# PROBLEM DESCRIPTION
Copy nothing but the lines below, from the one with "THIERRY MUGLER PARIS" through the one with "Black home slippers black middle back view", exactly as written; no pictures should appear.

# SOURCE RECORDS
——————
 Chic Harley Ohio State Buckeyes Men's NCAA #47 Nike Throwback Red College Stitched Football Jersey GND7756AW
——————
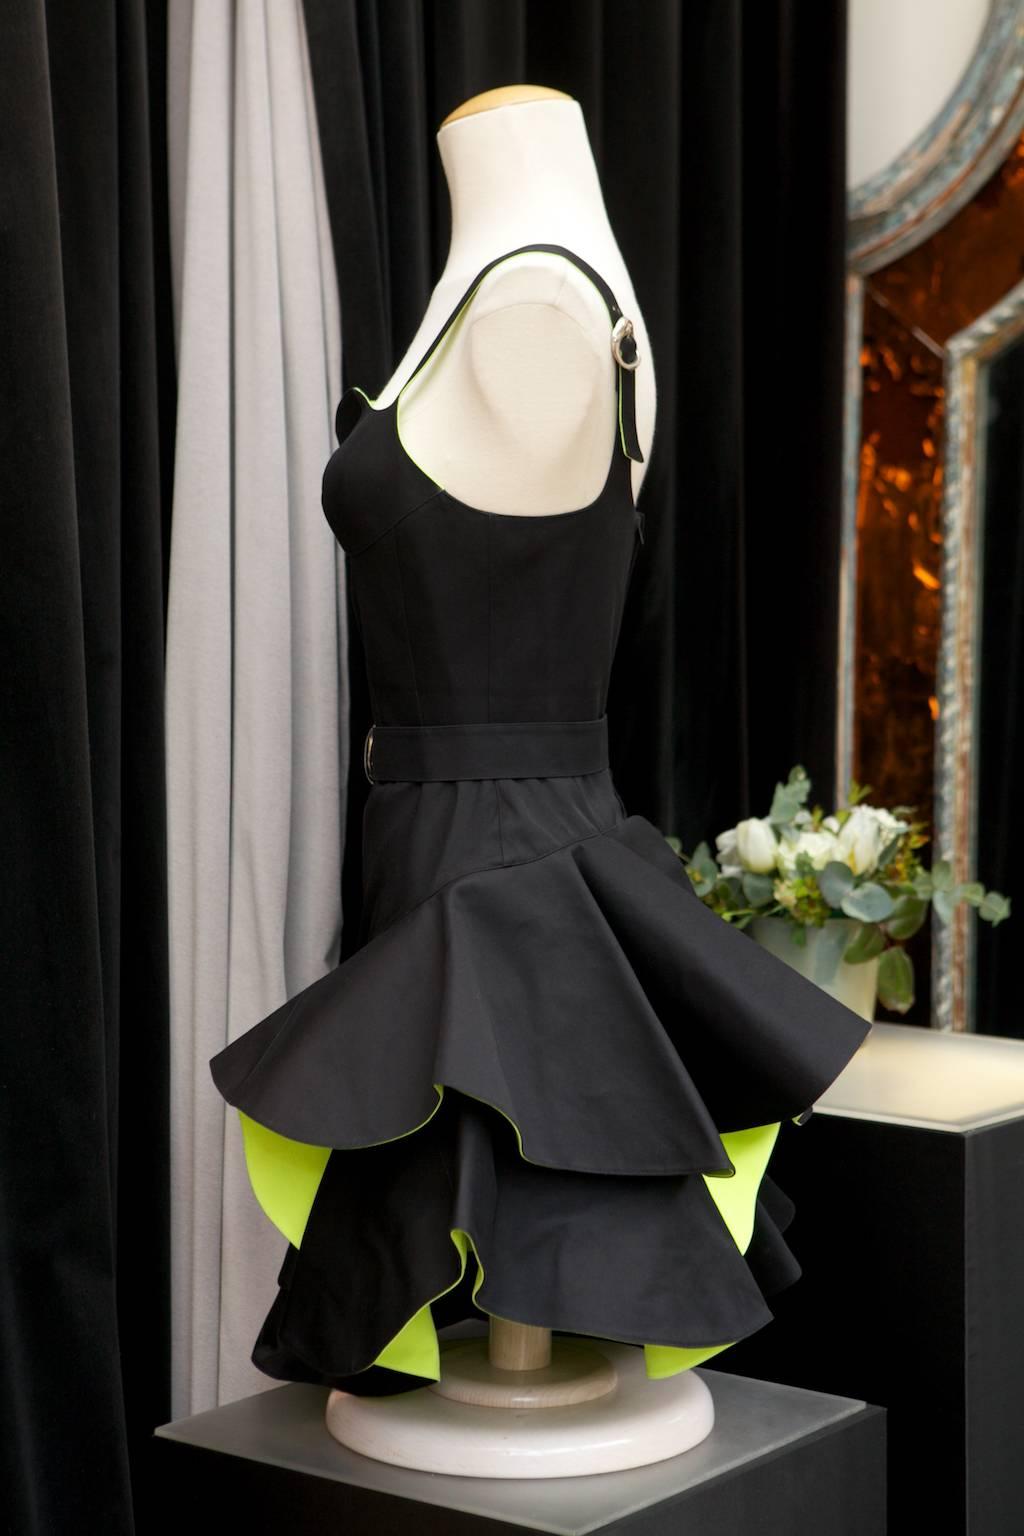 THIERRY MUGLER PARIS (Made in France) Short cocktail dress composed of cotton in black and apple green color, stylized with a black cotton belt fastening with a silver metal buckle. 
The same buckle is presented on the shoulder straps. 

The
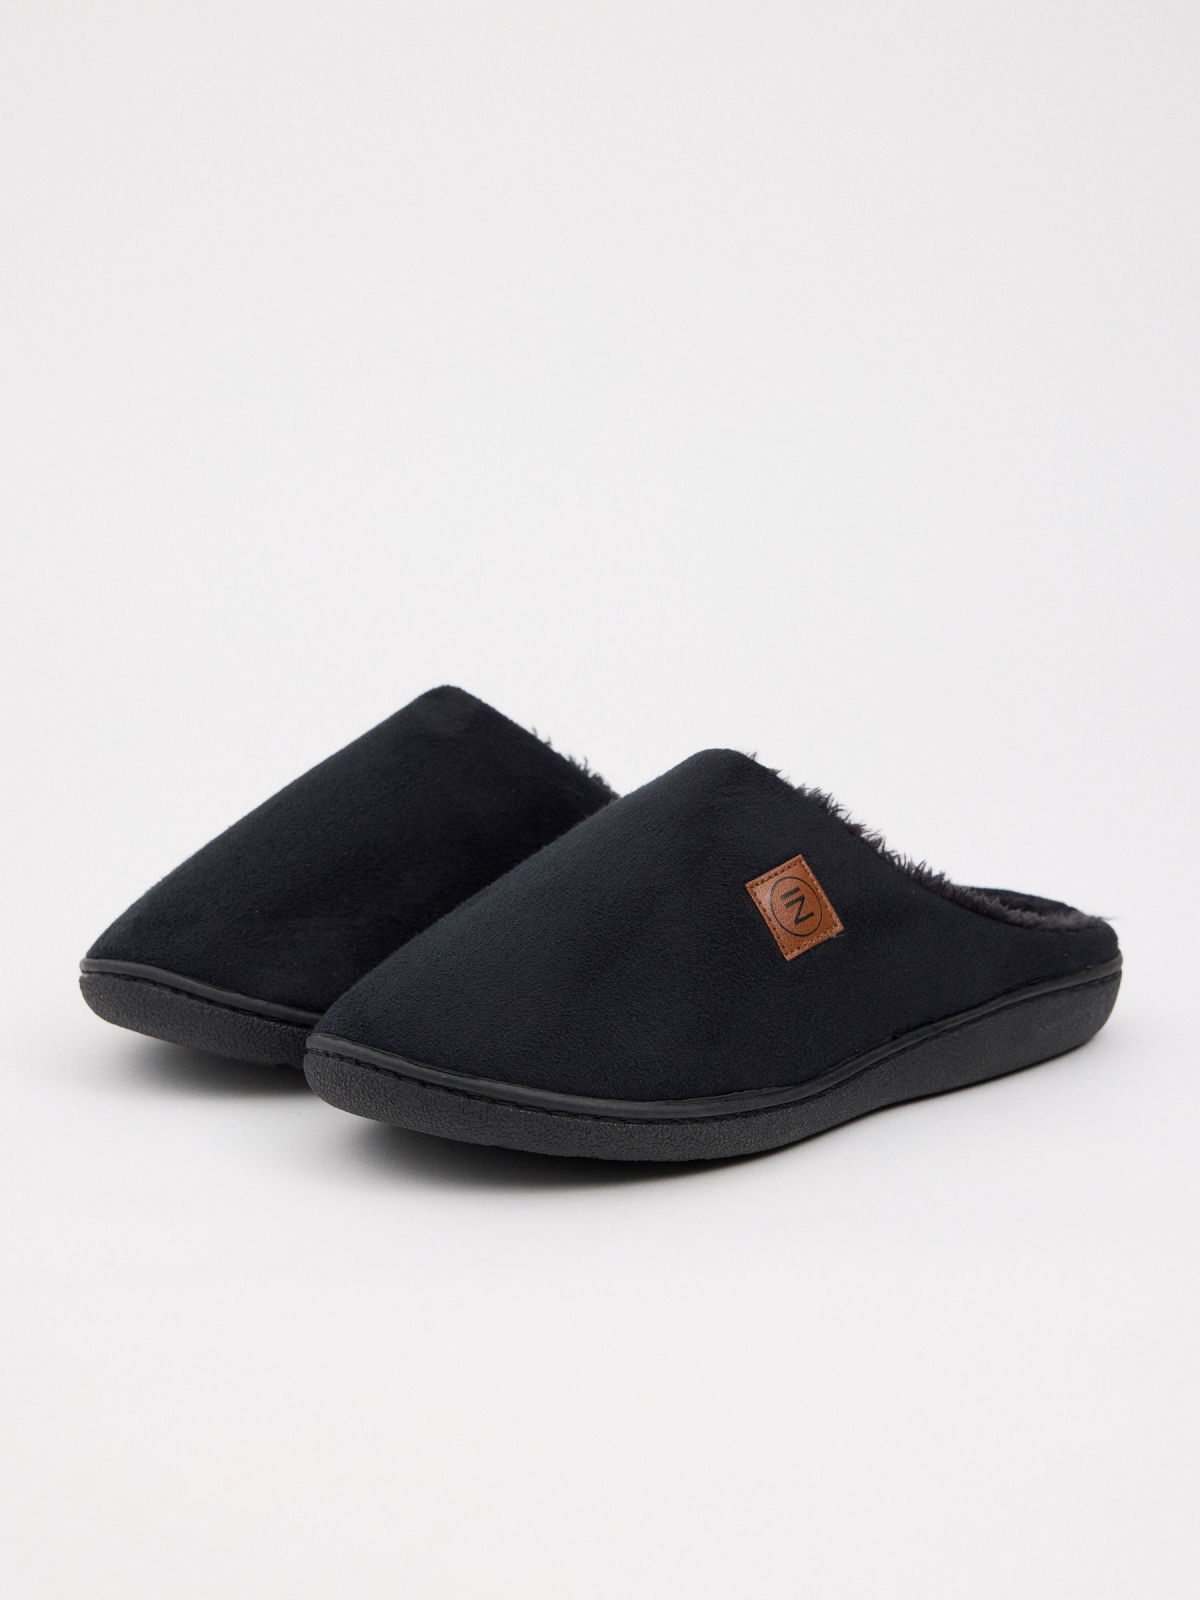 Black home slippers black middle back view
——————
# ANSWER BELOW
 THIERRY MUGLER PARIS (Made in France) Short cocktail dress composed of cotton in black and apple green color, stylized with a black cotton belt fastening with a silver metal buckle. 
The same buckle is presented on the shoulder straps. 

The
 Black home slippers black middle back view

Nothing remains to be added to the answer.